I came up with the following proof, but it seems too complicated so I was wondering if anyone else has a simpler idea.
Proof. The idea is to notice that $J(m,n)$ can also be expressed equivalently as
$$ J(m,n)=\left(\sum_{i=1}^{m+n}i\right)+m \tag{1} $$
To prove injectivity, suppose $J(m_1,n_1)=J(m_2,n_2)$. We'll prove $m_1=m_2$ (the fact that $n_1=n_2$ should follow immediately after). For this, suppose that $m_1+n_1<m_2+n_2$, then using the (1) formulation of $J$, we have
$$\sum_{i=1}^{m_1+n_1}i+ \ m_1=\sum_{i=1}^{m_2+n_2}i+ \ m_2 \quad \Longrightarrow \quad m_1=\sum_{i=m_1+n_1+1}^{m_2+n_2}i+ \ m_2$$
which is a contradiction (to see why, subtract $m_1$ from both sides). With similar reasoning we can prove that $m_1+n_1>m_2+n_2$ is impossible as well. Thus we conclude that $m_1+n_1=m_2+n_2$.
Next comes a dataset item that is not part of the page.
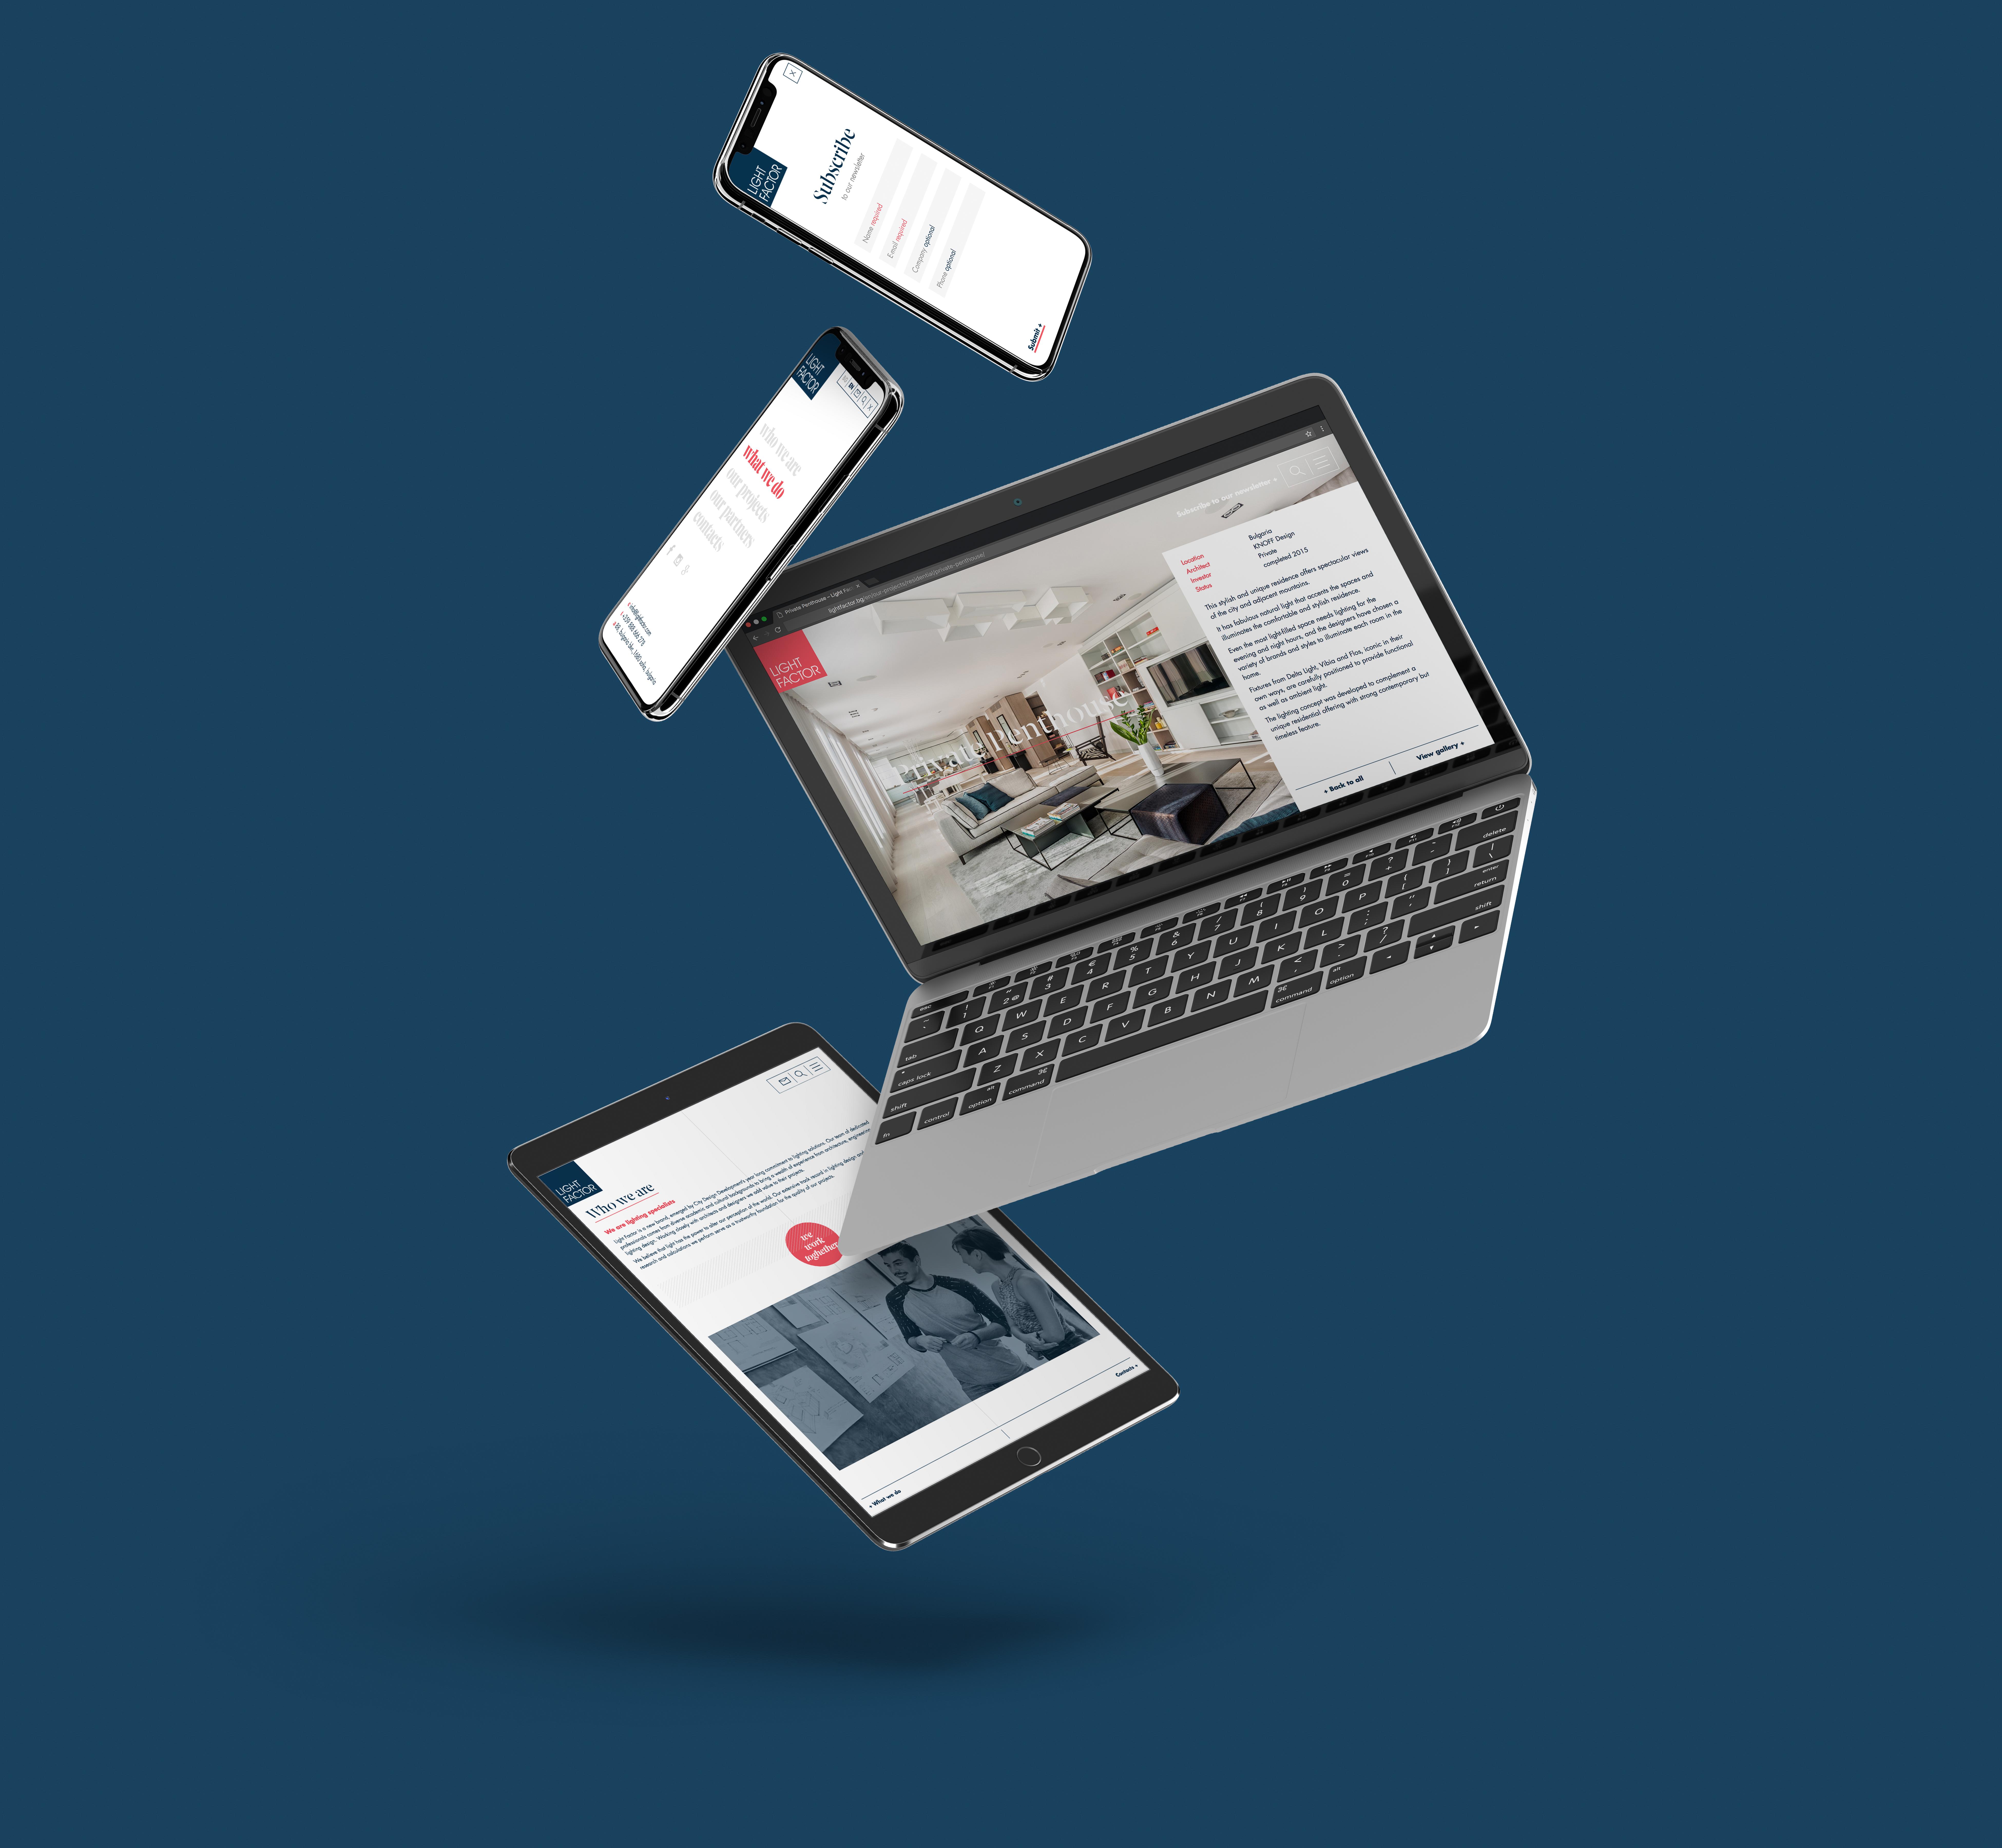 LF-Gravity-Devices-UI-Presentation-Mockup.jpg

Using the original formulation of $J$ we get:
$$ [(m_1+n_1)^2+3m_1+n_1]=[(m_2+n_2)^2+3m_2+n_2]. $$
With the fact that $m_1+n_1=m_2+n_2$, this reduces to $2m_1=2m_2$ , thus $m_1=m_2$. This is injectivity proved.
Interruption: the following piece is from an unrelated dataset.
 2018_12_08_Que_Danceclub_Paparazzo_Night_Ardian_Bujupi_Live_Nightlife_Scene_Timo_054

For surjectivity, let us choose some $z\in \mathbb{N}$. We need to show that there exists $m,n\in \mathbb{N}$ such that $J(m,n)=z$. Let $k$ be the largest element in $\mathbb{N}$ such that $\sum_{i=1}^ki\leq z$. Then we can define
$$ m=z-\sum_{i=1}^ki \quad \text{and} \quad n=k-m. $$
It is obvious that $m\in \mathbb{N}$. To check that $n\in \mathbb{N}$, notice that
$$ \sum_{i=1}^ki\leq z<\sum_{i=1}^{k+1}i \quad \Longrightarrow \quad 0\leq m<k+1 \quad \Longrightarrow \quad m\leq k.$$
Defining $n,m$ this way gives us
$$J(m,n)=\sum_{i=1}^{m+n}i+m=\sum_{i=1}^ki+m=z$$
as needed. $\Box$